## Supplied data:

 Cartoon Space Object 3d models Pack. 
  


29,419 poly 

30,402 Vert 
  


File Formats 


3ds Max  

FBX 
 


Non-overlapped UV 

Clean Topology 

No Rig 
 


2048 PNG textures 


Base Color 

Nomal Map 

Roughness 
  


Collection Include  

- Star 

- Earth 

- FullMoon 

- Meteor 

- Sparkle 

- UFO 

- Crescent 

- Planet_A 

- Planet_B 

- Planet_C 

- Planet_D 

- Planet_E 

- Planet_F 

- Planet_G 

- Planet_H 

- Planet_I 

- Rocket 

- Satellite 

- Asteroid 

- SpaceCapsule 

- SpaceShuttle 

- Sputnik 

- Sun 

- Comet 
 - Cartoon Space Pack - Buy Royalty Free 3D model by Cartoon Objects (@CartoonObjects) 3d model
---
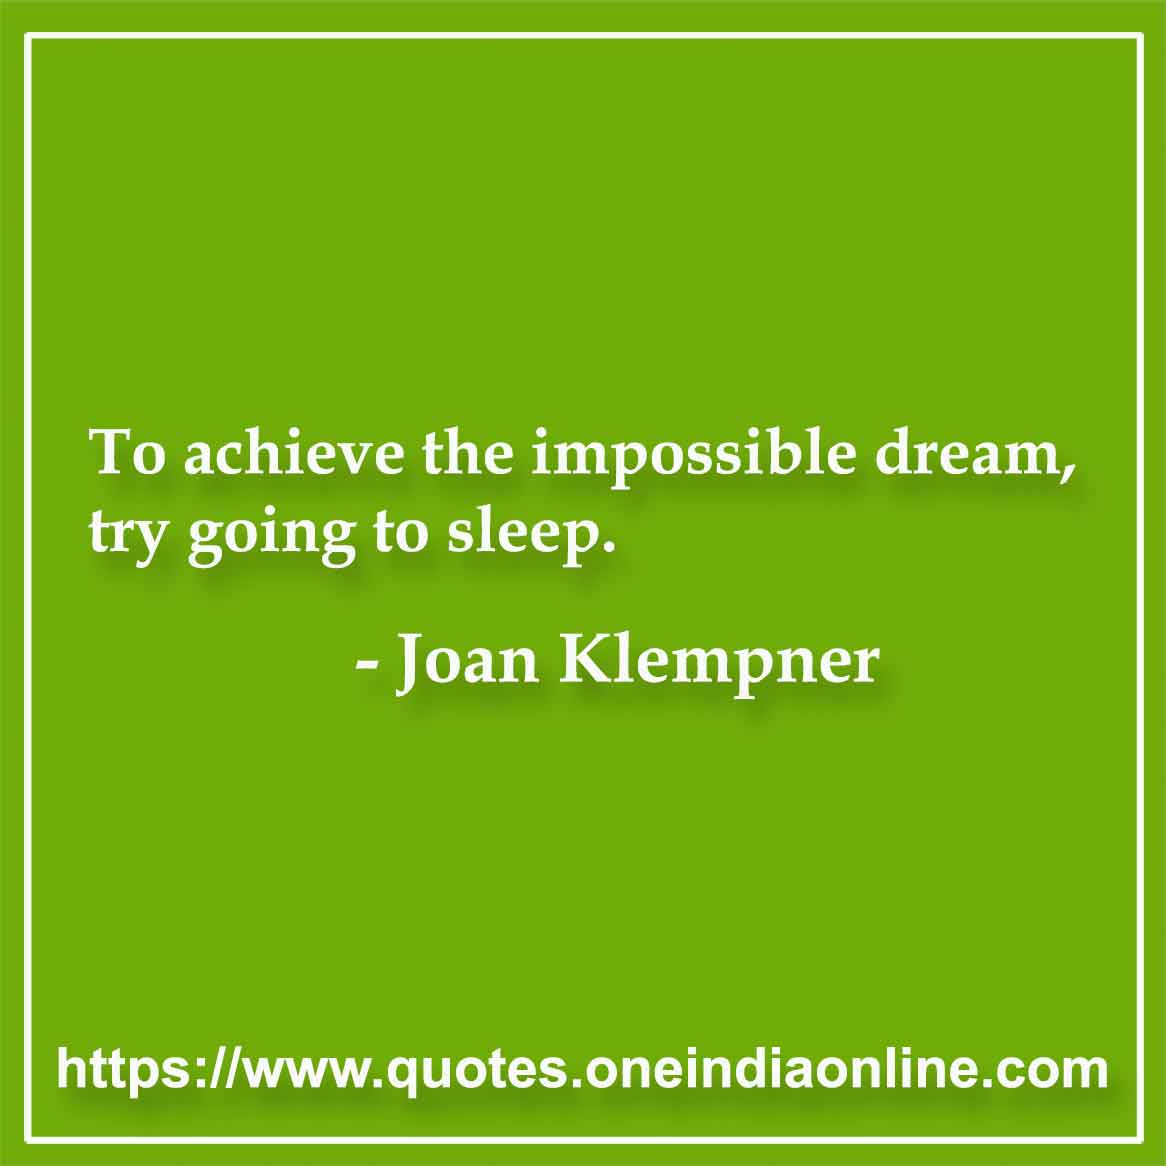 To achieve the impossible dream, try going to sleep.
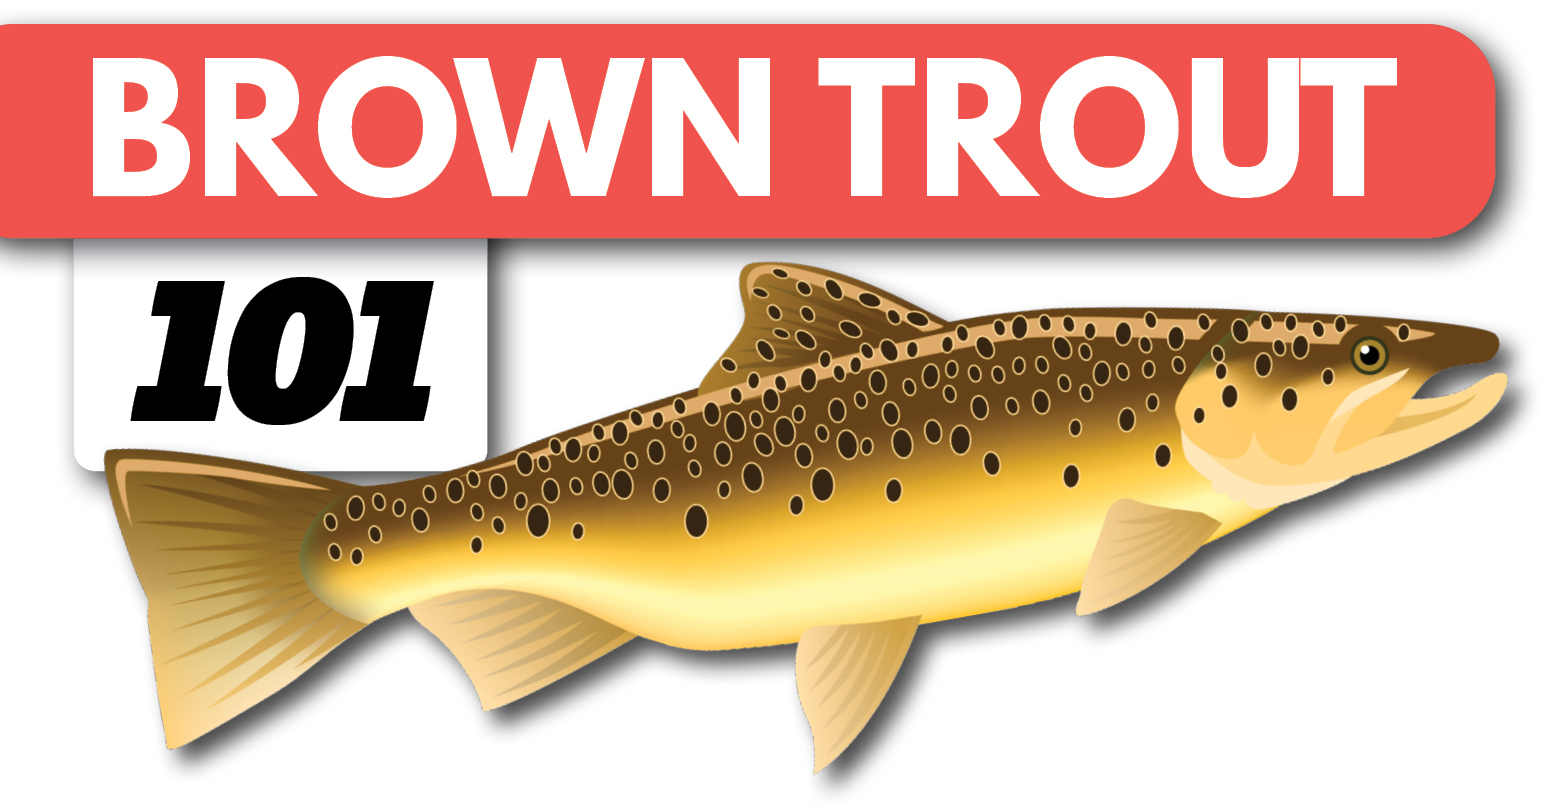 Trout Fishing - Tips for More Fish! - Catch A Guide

## What this task involves:
Find out how many lines of the listing above include the word "Cartoon", and give that number alone.

## Answer to the problem:
2